• PROVIDED MATERIAL:

==========

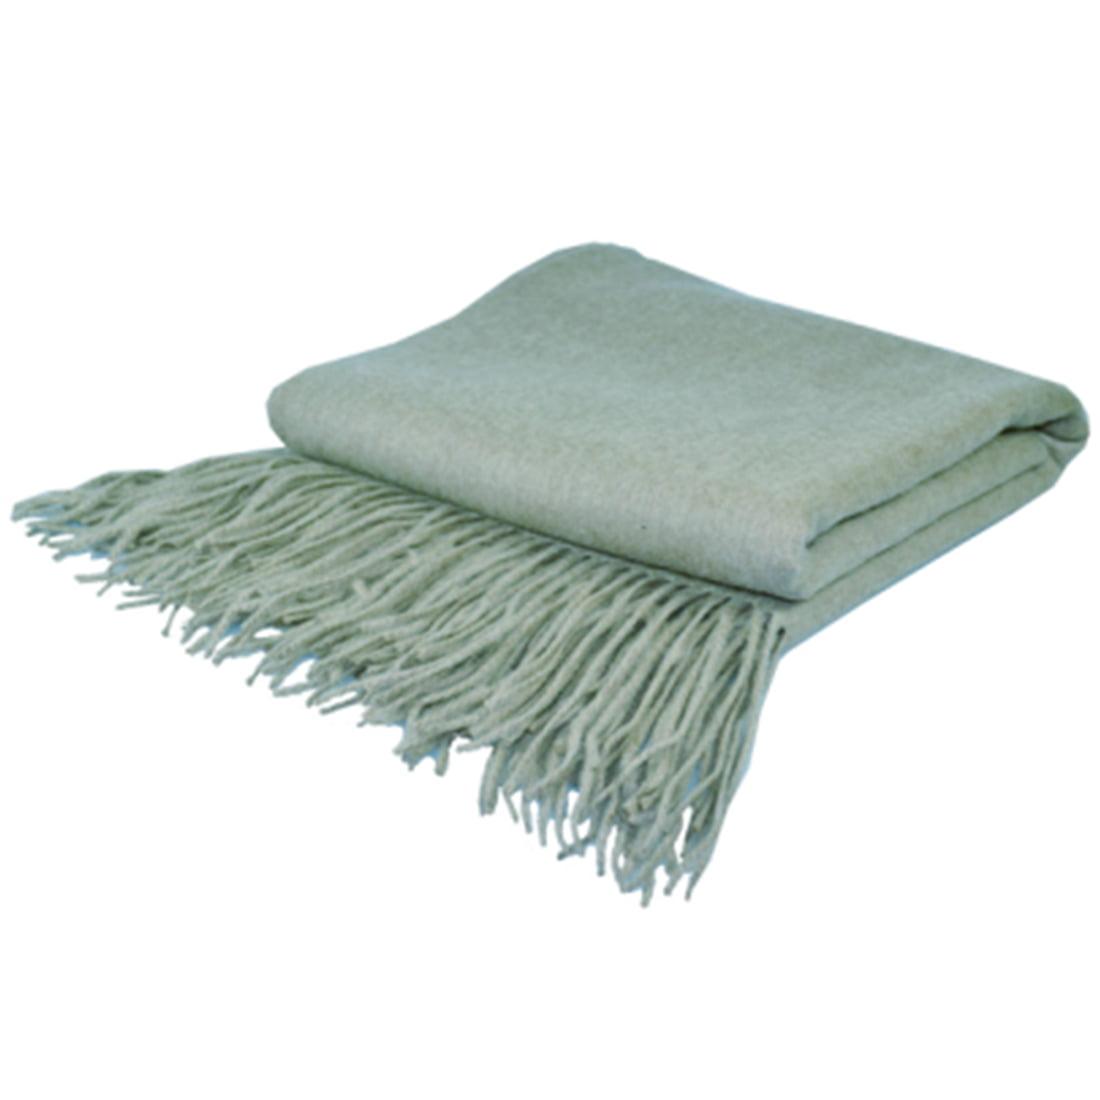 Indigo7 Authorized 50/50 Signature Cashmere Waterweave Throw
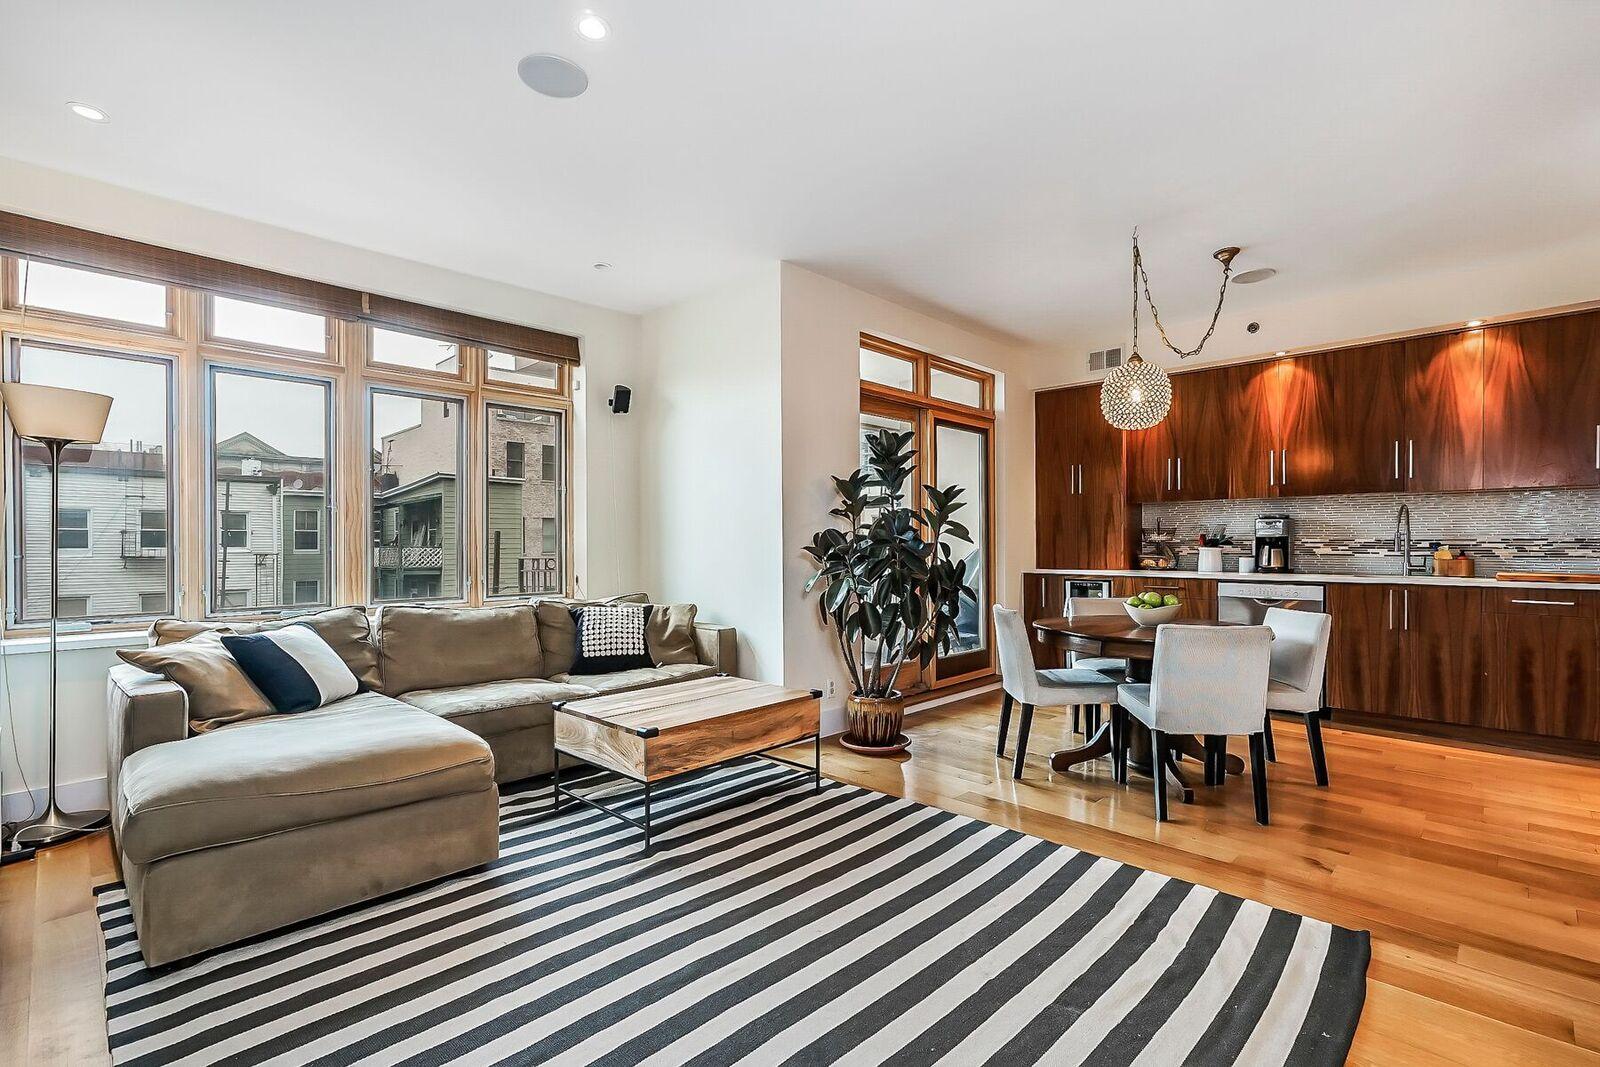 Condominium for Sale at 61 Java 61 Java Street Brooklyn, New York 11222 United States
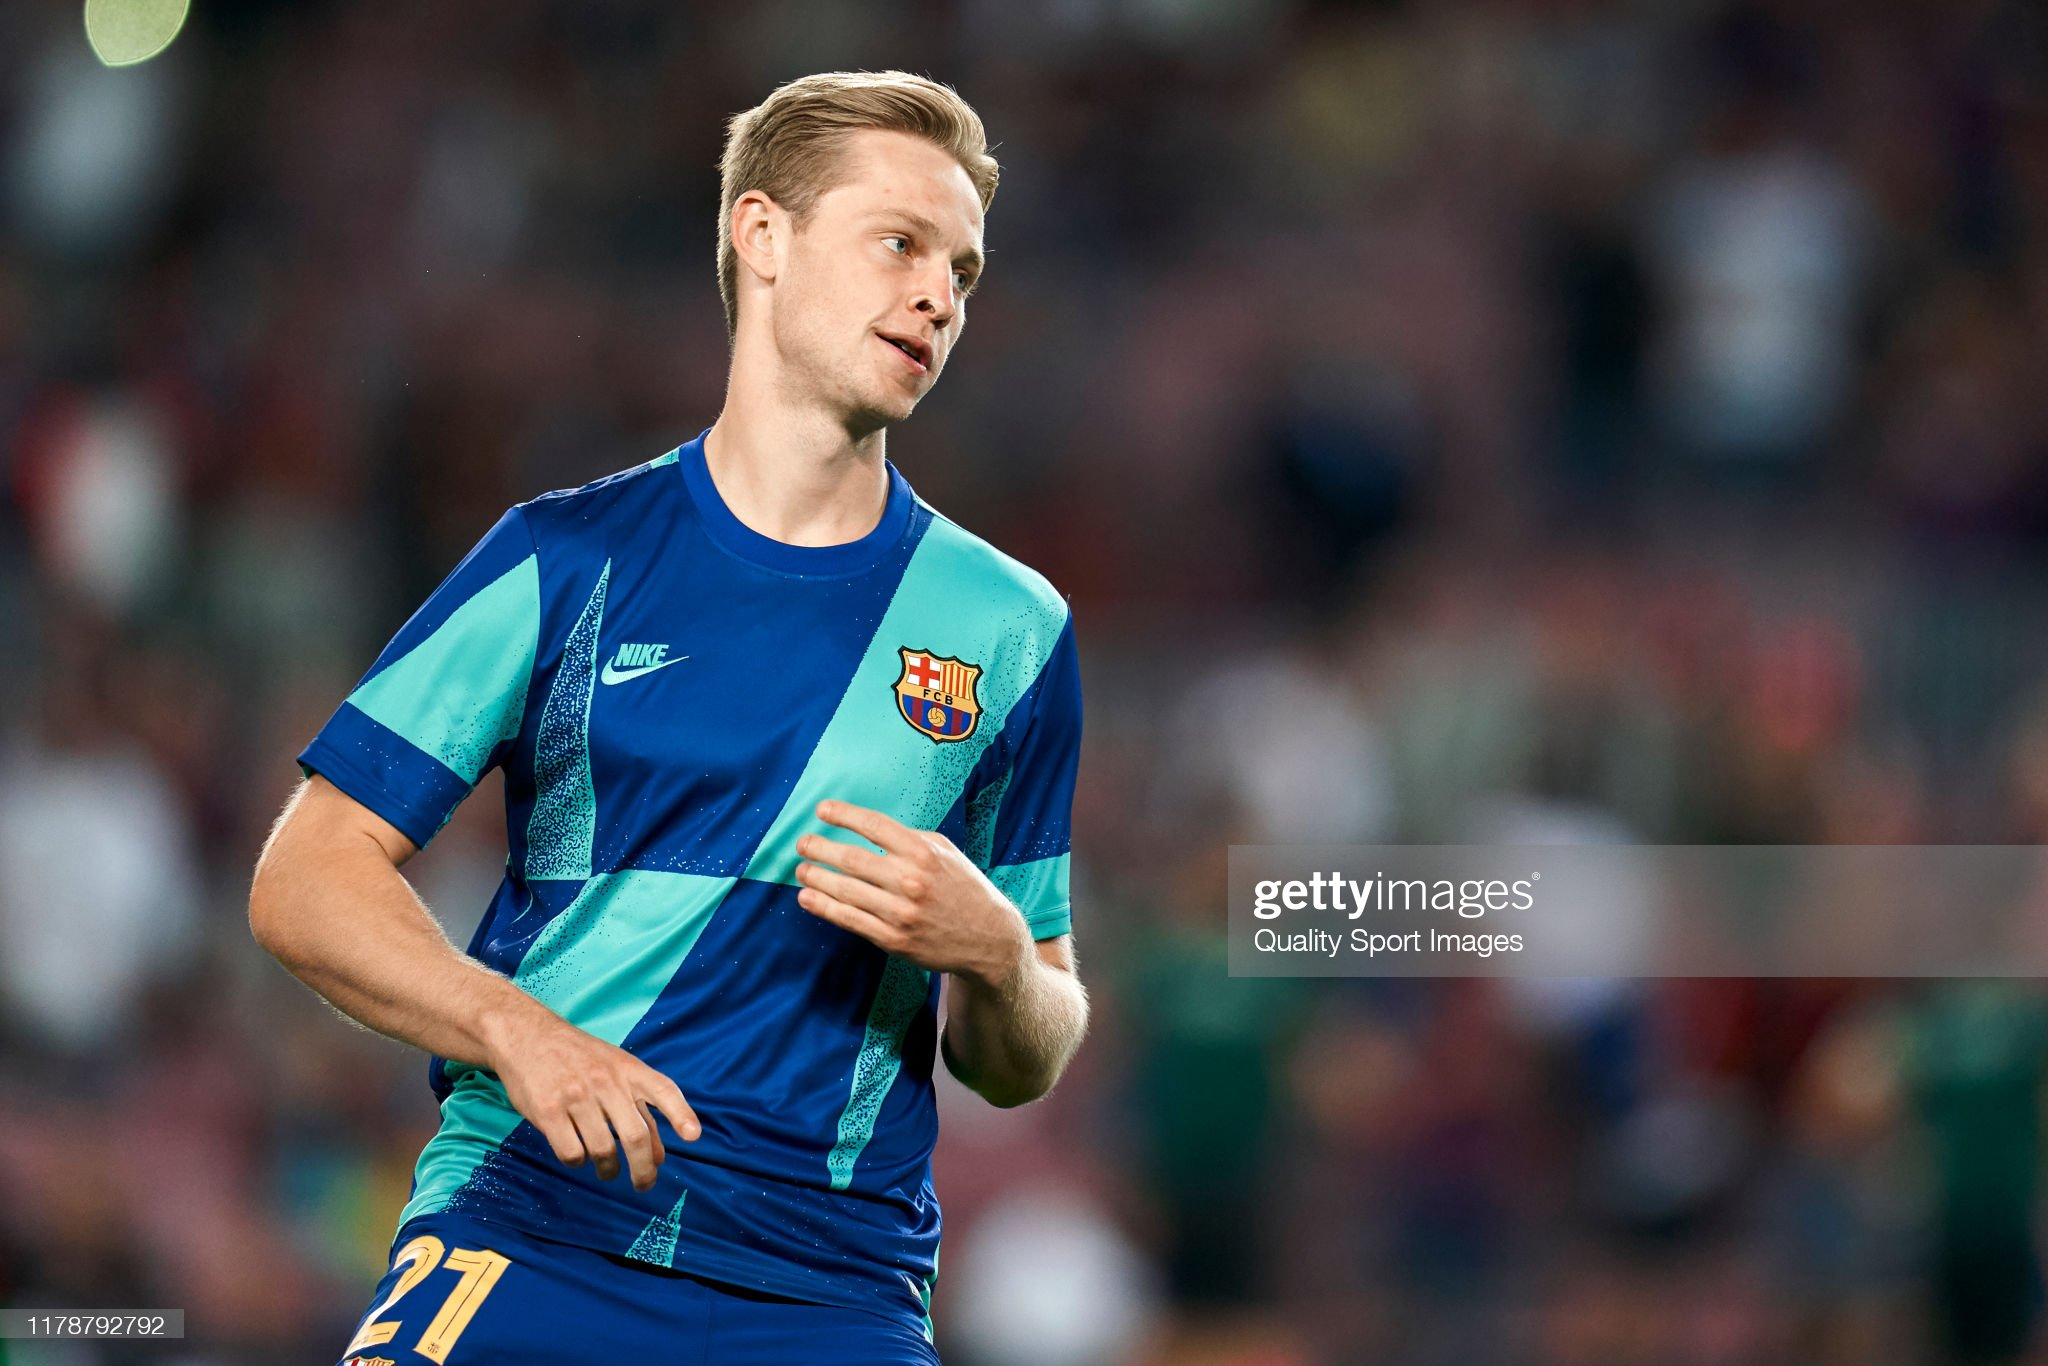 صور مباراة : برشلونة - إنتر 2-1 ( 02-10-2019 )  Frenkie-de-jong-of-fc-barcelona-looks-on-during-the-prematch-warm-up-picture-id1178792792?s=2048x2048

==========

• EXERCISE DIRECTIONS: Return the whole listing exactly, minus its pictures.

• OUTPUT FOR THIS EXERCISE:
 Indigo7 Authorized 50/50 Signature Cashmere Waterweave Throw
 Condominium for Sale at 61 Java 61 Java Street Brooklyn, New York 11222 United States
 صور مباراة : برشلونة - إنتر 2-1 ( 02-10-2019 )  Frenkie-de-jong-of-fc-barcelona-looks-on-during-the-prematch-warm-up-picture-id1178792792?s=2048x2048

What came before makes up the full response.